I conti economici si riprendono, ma lentamente

Il 2016 rappresenta il quarto anno consecutivo di miglioramento della situazione reddituale e patrimoniale delle piccole e medie imprese sopravvissute alla crisi. I ricavi sono aumentati a un tasso del 2,3 per cento, in leggero rallentamento rispetto al 2015 (+2,8 per cento), con le Pmi industriali a trainare la crescita. Il valore aggiunto ha invece accelerato ed è cresciuto a un tasso del 4,1 per cento. Anche le spese per il personale sono salite (+4,4 per cento), mantenendo il costo del lavoro per unità di prodotto, che misura la competitività delle Pmi, a livelli ancora superiori a quelli pre-crisi.

I margini lordi sono cresciuti a ritmi più sostenuti per le medie imprese, ma hanno rallentato tra le piccole imprese, con una crescita per il complesso delle Pmi che si è attestata al 3,6 per cento. È una crescita ancora lenta, che non consente di recuperare i livelli di redditività lordi pre-crisi: i dati indicano che le Pmi hanno perso 23 punti percentuali di Mol, con cali ancora più pronunciati per le piccole società (-30 per cento).

La politica monetaria espansiva della Banca centrale europea ha ridotto i costi del debito delle Pmi al 3,8 per cento, il livello più basso in tutto il periodo esaminato. Il calo ha contribuito al miglioramento della redditività netta delle Pmi. Il Roe, che misura il ritorno sul capitale immesso nelle aziende, è passato dal 9,2 al 10,2 per cento, con una crescita diffusa a tutti i settori e con l’industria tornata oltre i livelli del 2007.

Figura 2

La ripresa degli investimenti

Dopo una fase di forte contrazione, che aveva portato le Pmi quasi a dimezzare gli investimenti tra 2007 e 2013, è iniziata un’inversione di tendenza che ha progressivamente acquisito slancio, con un chiaro rafforzamento nel 2016.
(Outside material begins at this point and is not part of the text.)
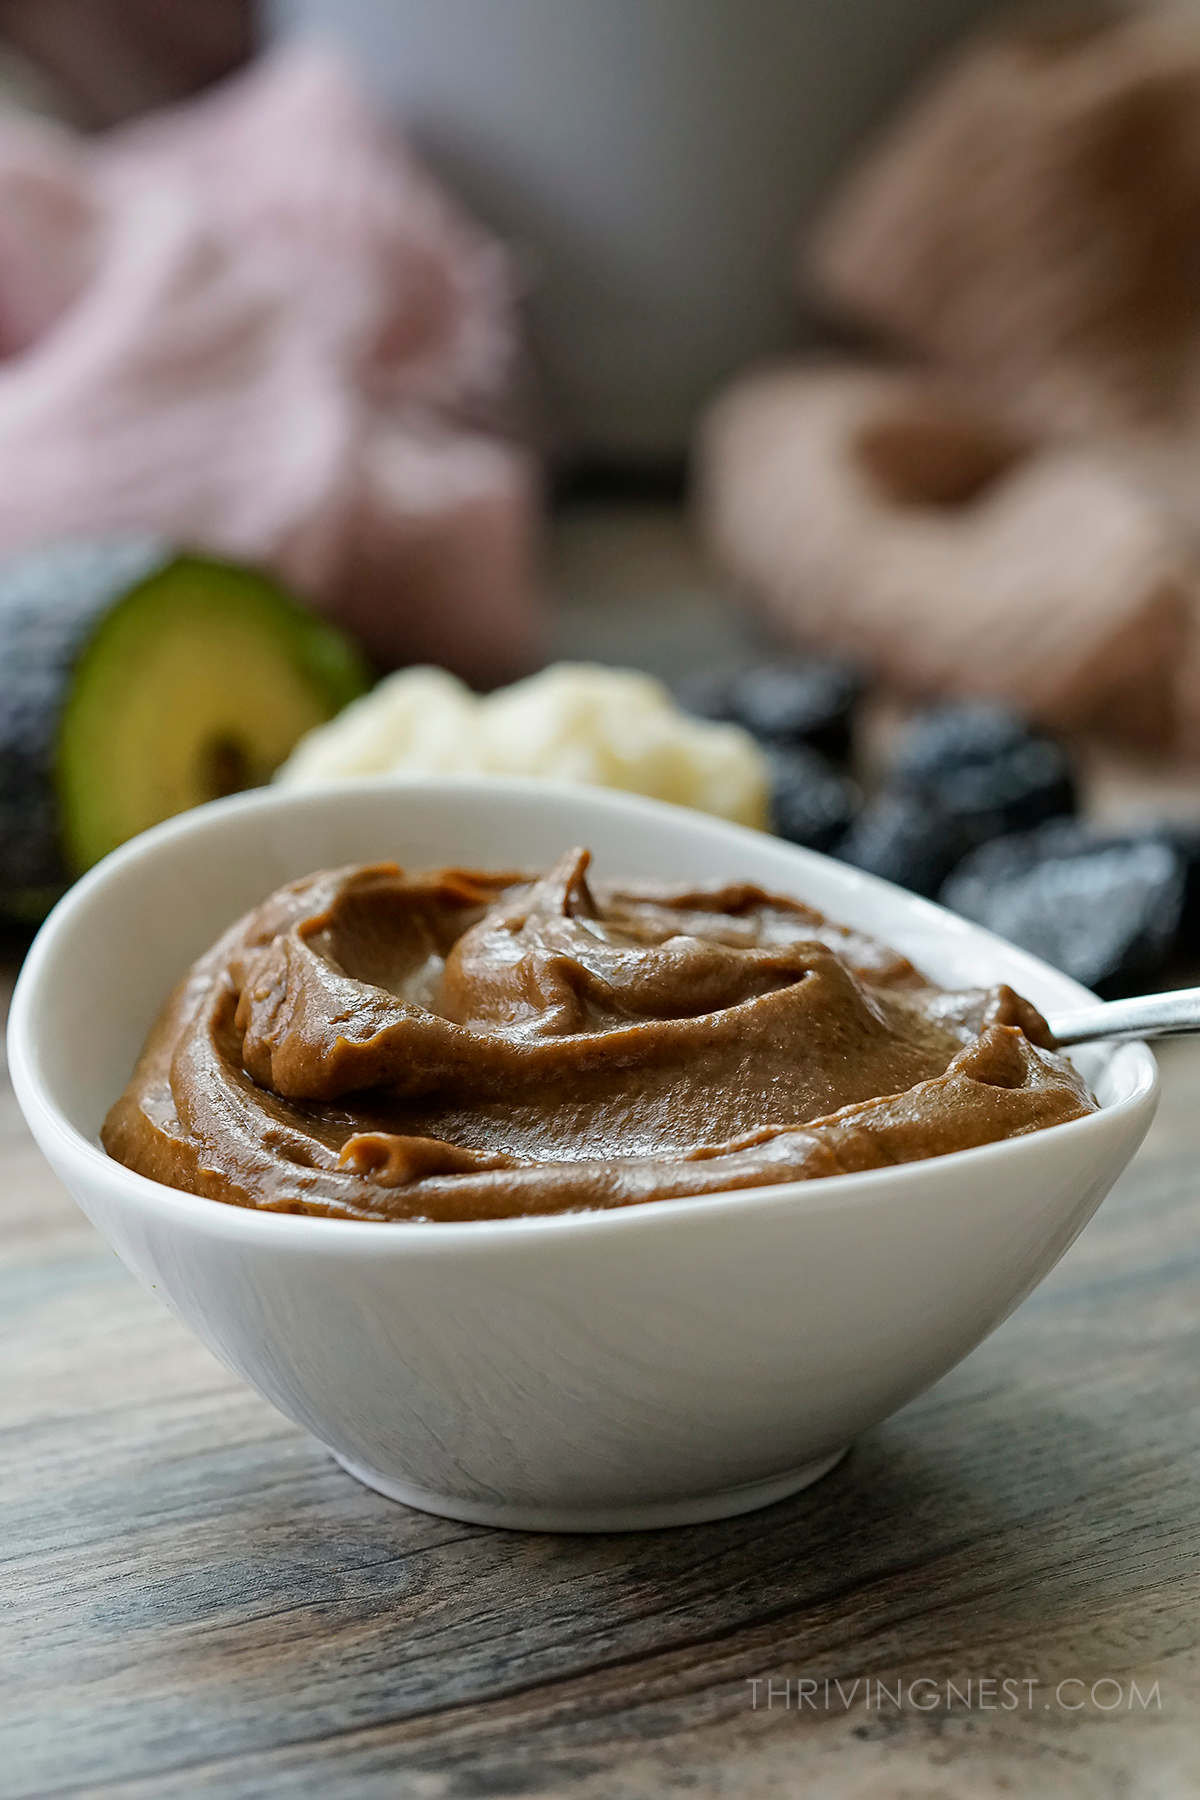 Cauliflower avocado prune puree combination as stage 2 baby food great for constipation.

Il tasso di investimento (investimenti materiali su immobilizzazioni materiali) è passato dal 6,2 per cento del 2015 al 7,8 per cento del 2016, con andamenti positivi in tutte le dimensioni e in tutti i settori considerati. Già prima dell’introduzione degli incentivi di Industria 4.0, il piano lanciato dal governo italiano con lo scopo di rilanciare l’industria e la produttività italiana attraverso l’innovazione, gli investimenti sono cresciuti in modo più sostenuto nei settori manifatturieri ad alta automazione, quelli che potrebbero beneficiare di più delle misure messe in campo per stimolare la crescita.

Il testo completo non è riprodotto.